The above issue was caused by the folowing line of code

base_url = urljoin(self.rest_gateway_endpoint, self.wiki_url or mw_host)

it tries to create a url from rest_gateway_endpoint and wiki_url, so http://rest-gateway.discovery.wmnet:411 and http://api-ro.discovery.wmnet respectively. The result of urljoin ends up being just the latter cause it expects a base url and a secondary url to perform a jon More info in the docs

However in this line of code we should be merging with mw_host instead and in this case we should prepend the scheme (https://) when we are not using the rest_gateway_endpoint.
I'll be adding a function and a couple of unit tests to the code to make sure it behaves properly for all scenarios.

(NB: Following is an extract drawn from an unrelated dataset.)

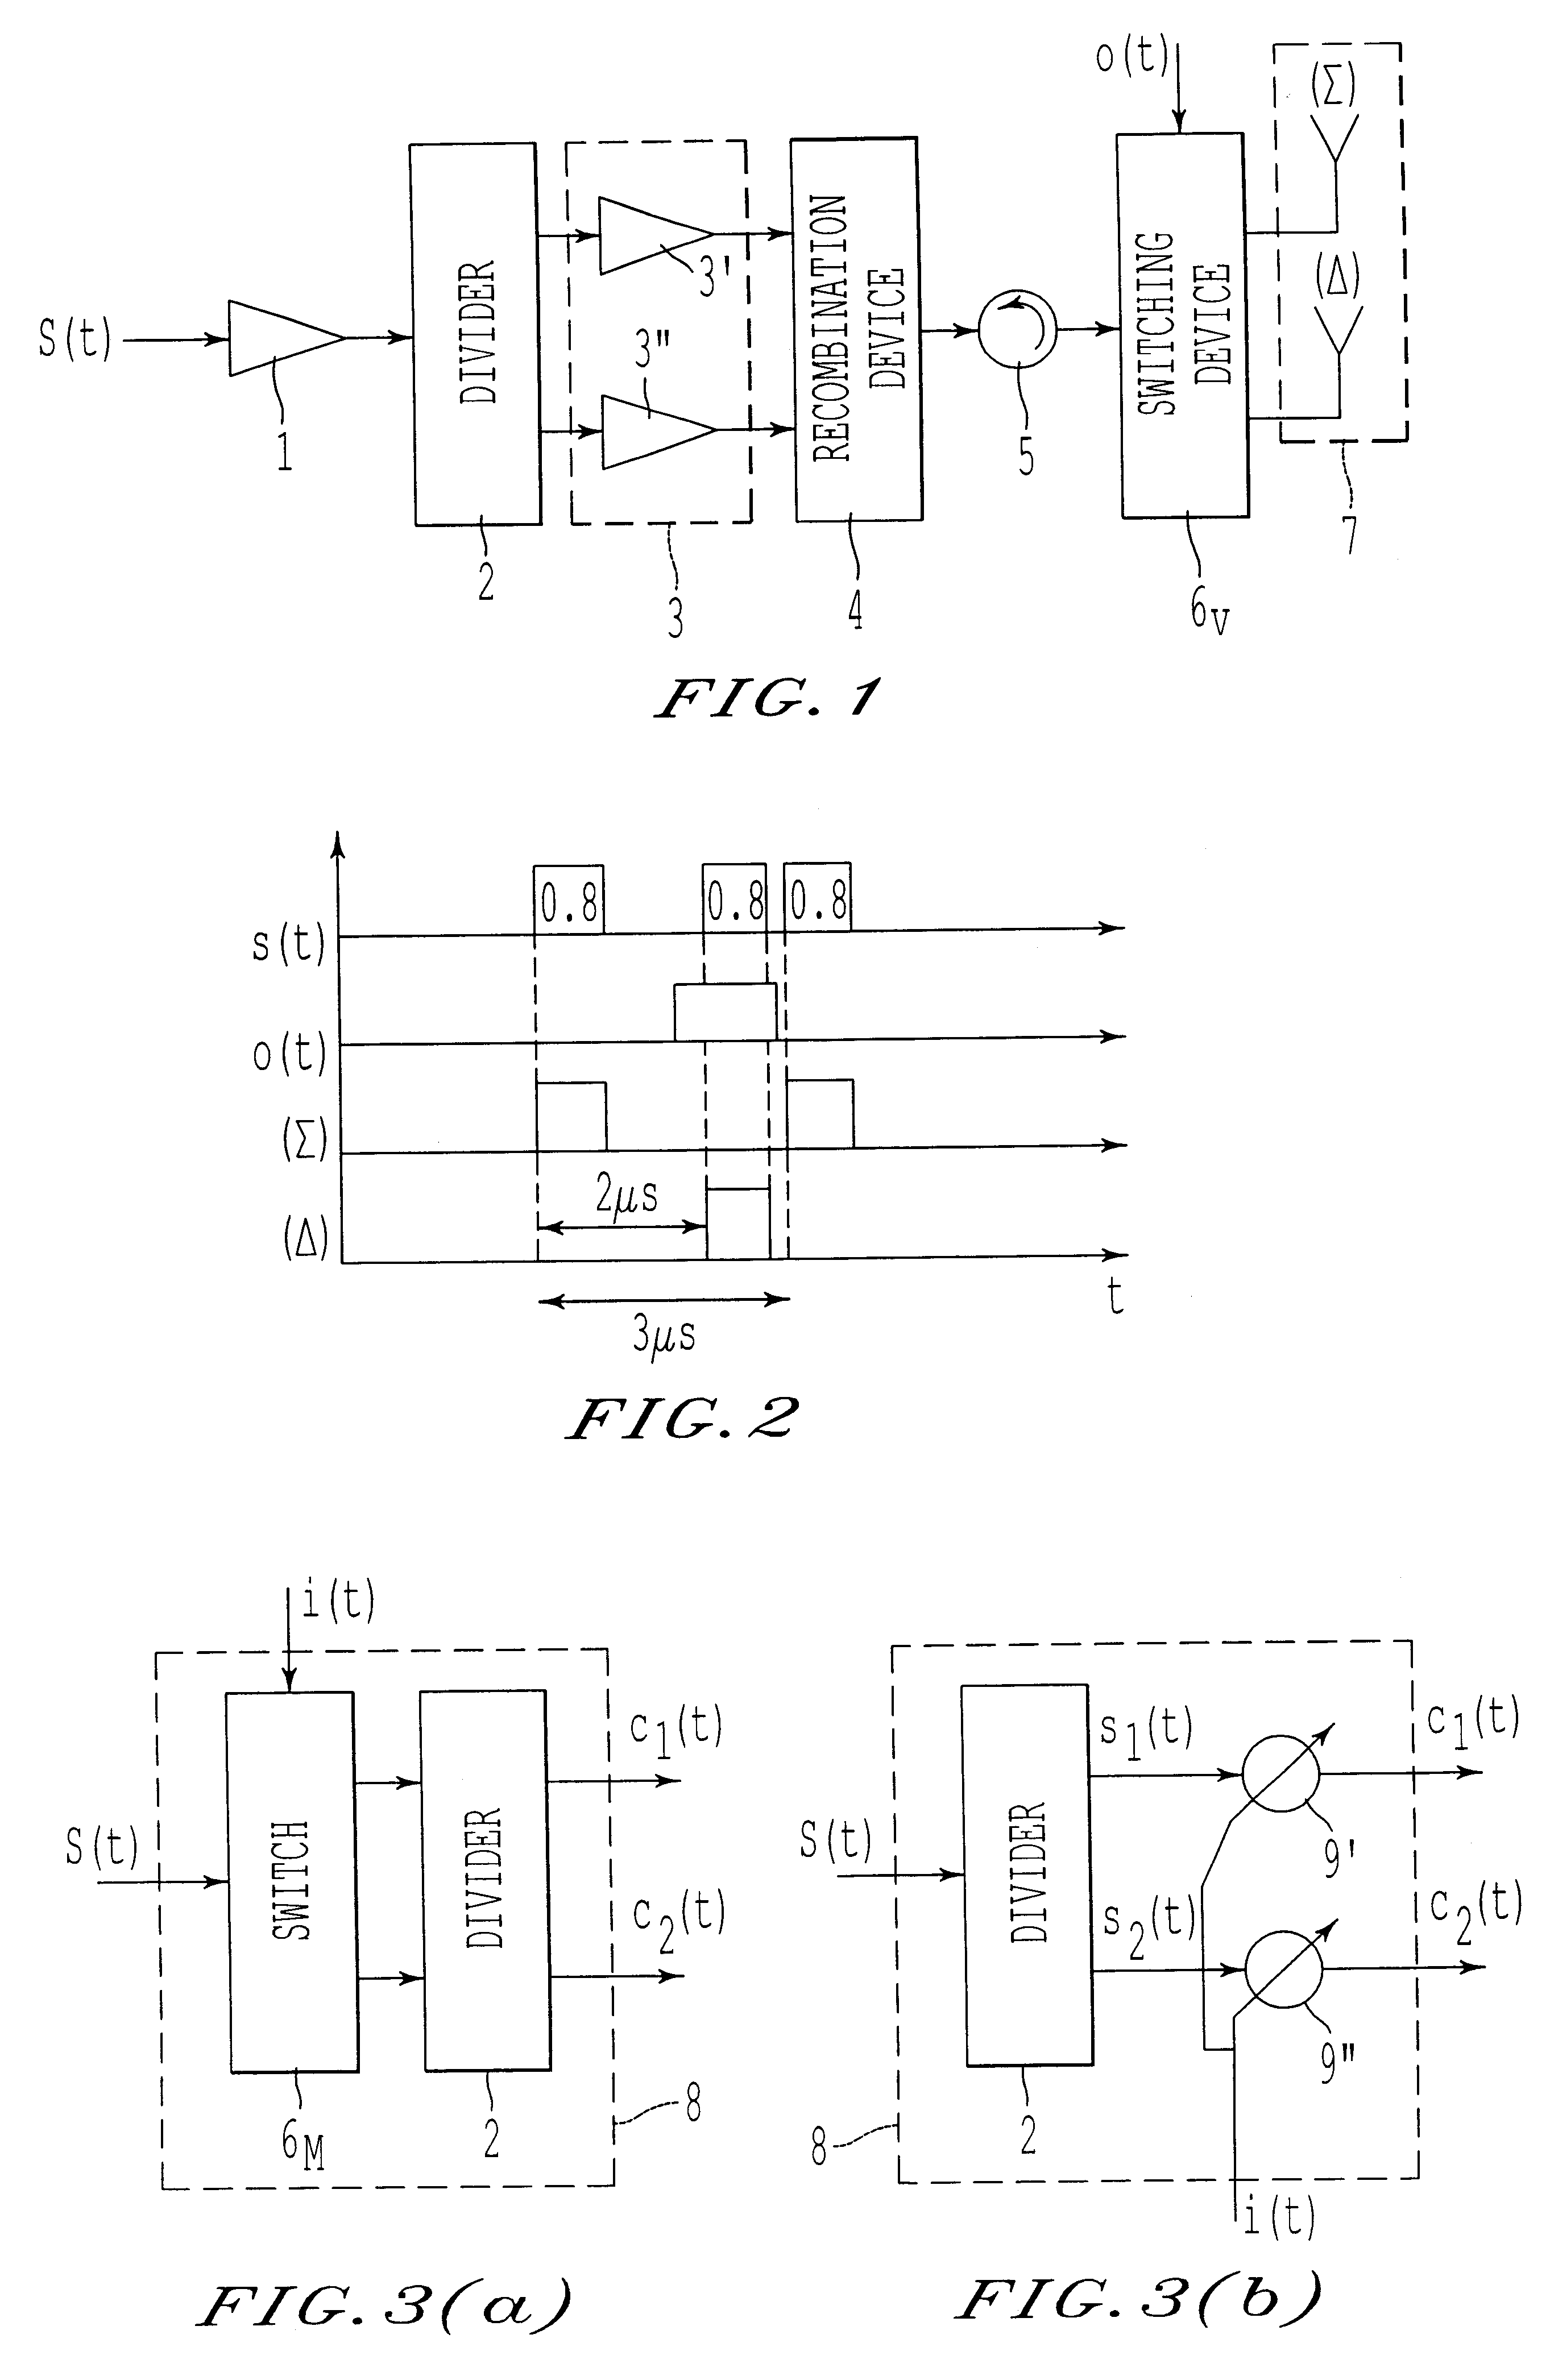 Method and device for the encoding and decoding of power distribution at the outputs of a system
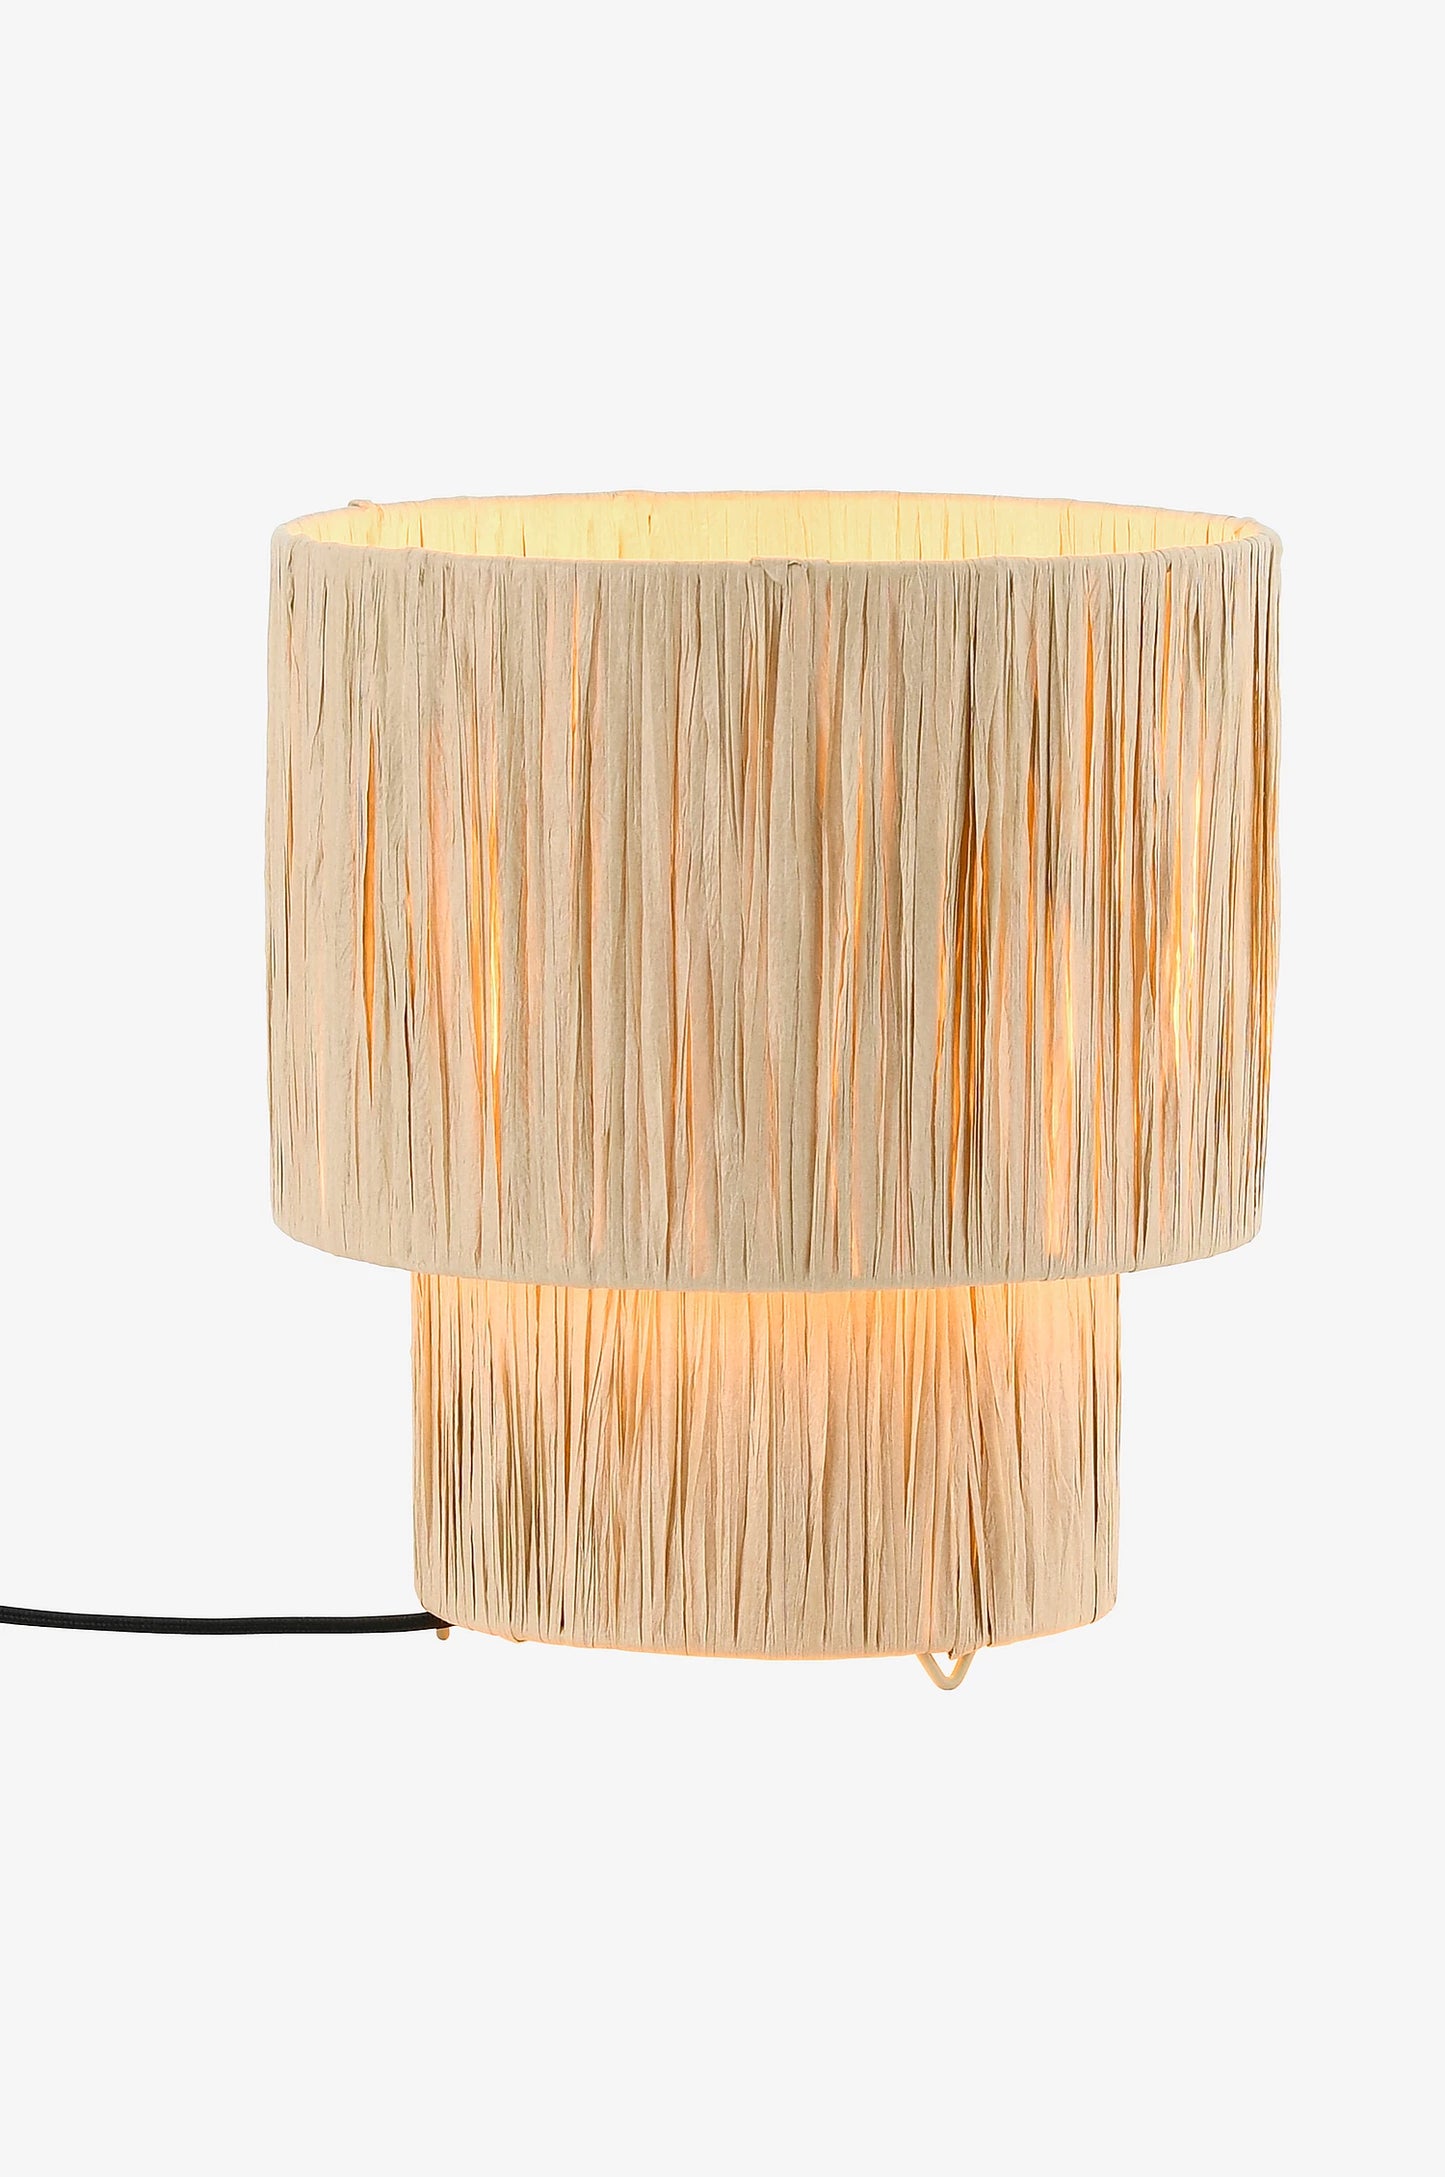 Rattan Table lamp for Living room | Bamboo Bedside table lamp | Cane Table lamp -Tanya - Akway

Change 979369 had a related patch set uploaded (by Ilias Sarantopoulos; author: Ilias Sarantopoulos):

[machinelearning/liftwing/inference-services@main] article-descriptions: add helper function for rest gateway url

https://gerrit.wikimedia.org/r/979369

Change 979369 merged by jenkins-bot:

[machinelearning/liftwing/inference-services@main] article-descriptions: add helper function for rest gateway url

https://gerrit.wikimedia.org/r/979369

Change 980002 had a related patch set uploaded (by Ilias Sarantopoulos; author: Ilias Sarantopoulos):

[operations/deployment-charts@master] ml-services: fix rest gateway endpoint creation in article descriptions

https://gerrit.wikimedia.org/r/980002

Change 980002 merged by jenkins-bot:

[operations/deployment-charts@master] ml-services: fix rest gateway endpoint creation in article descriptions

https://gerrit.wikimedia.org/r/980002

The model can now be ran locally following the instructions in the README.md file.
I added a couple of unit tests that assess that the correct url is created for the REST API requests.
I ran into some issues with virtualenv and tox while trying to add the unit tests to run in the test image so I left it for now.
I suggest we revisit how our whole test images run when we move the repo to Gitlab.

isarantopoulos set Final Story Points to 5.